Parametric models with vectors representing the knowledge of input features are not unique in machine learning (ML) at all, they've been used in traditional statistical inference and regression models as well for a long time such as the standard linear and logistic regression models. On the other hand, many other popular ML models are non-parametric such as decision trees, K-NNs, SVMs, and Gaussian Processes, etc, and all their input features knowledge are represented as potentially high-dimensional vectors.
Each knowledge representation formalism has their unique advantage and weakness, though recently some people argue that in theory they may be ultimately isomorphic as discussed in a recent interesting post. In general there're two main knowledge representation schools known as symbolic computationalism and distributed connectionism, and they've been around for many years and not seem a hot topic in contemporary ML or DL field, though there's a hot ML field called representation learning which is not about any target knowledge but input latent features' end-to-end representation and transformation for downstream tasks instead of the traditional manual feature engineering. Comparatively speaking, the connectionist neural network parametric distributed knowledge representation is extremely implicit, fully-connected, integrated and non-reducible as described to be like a blackbox by many people. You can further read Rumelhart, Hinton, et al's (1986) "Learning internal representations by error propagation".

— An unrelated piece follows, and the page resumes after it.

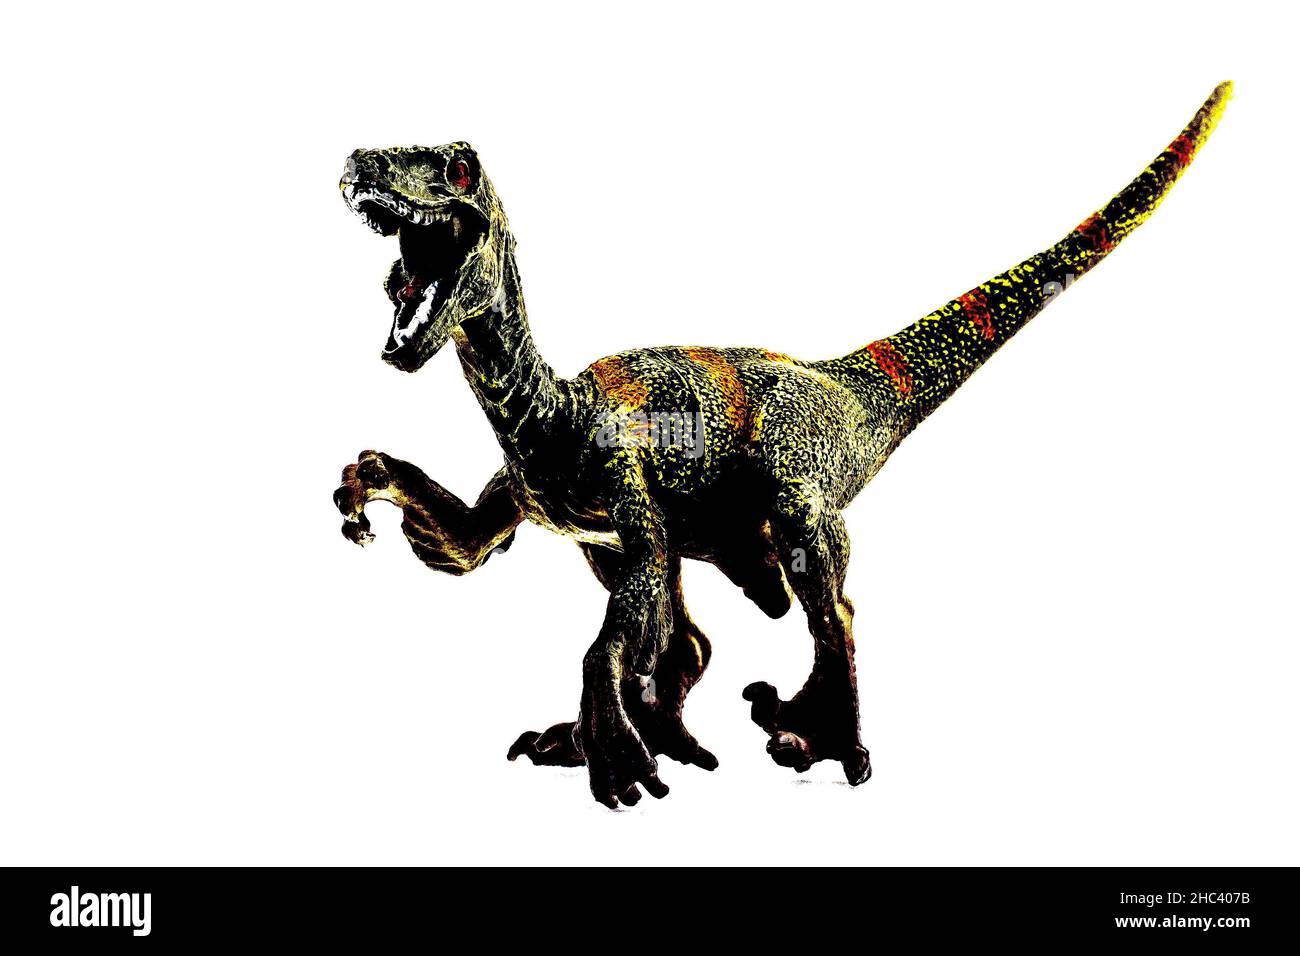 immagine stilizzata di un dinosauro giocattolo Foto Stock

Although our learning results do not guaantee that we can find a solution for all solvable problems, our analyses and results have shown that as a practical matter, the error propagation scheme leads to solutions in virtually every case. In short, we believe that we have answered Minsky and Papert's challenge and have found a learning result sufficiently powerful to demonstrate that their pessimism about learning in multilayer machines was misplaced. One way to view the procedure we have been describing is as a parallel computer that, having been shown the appropriate input/output exemplars specifying some function, programs itself to compute that function in general. Parallel computers are notoriously difficult to program. Here we have a mechanism whereby we do not actually have to know how to write the program in order to get the system to do it. Parker (1985) has emphasized this point.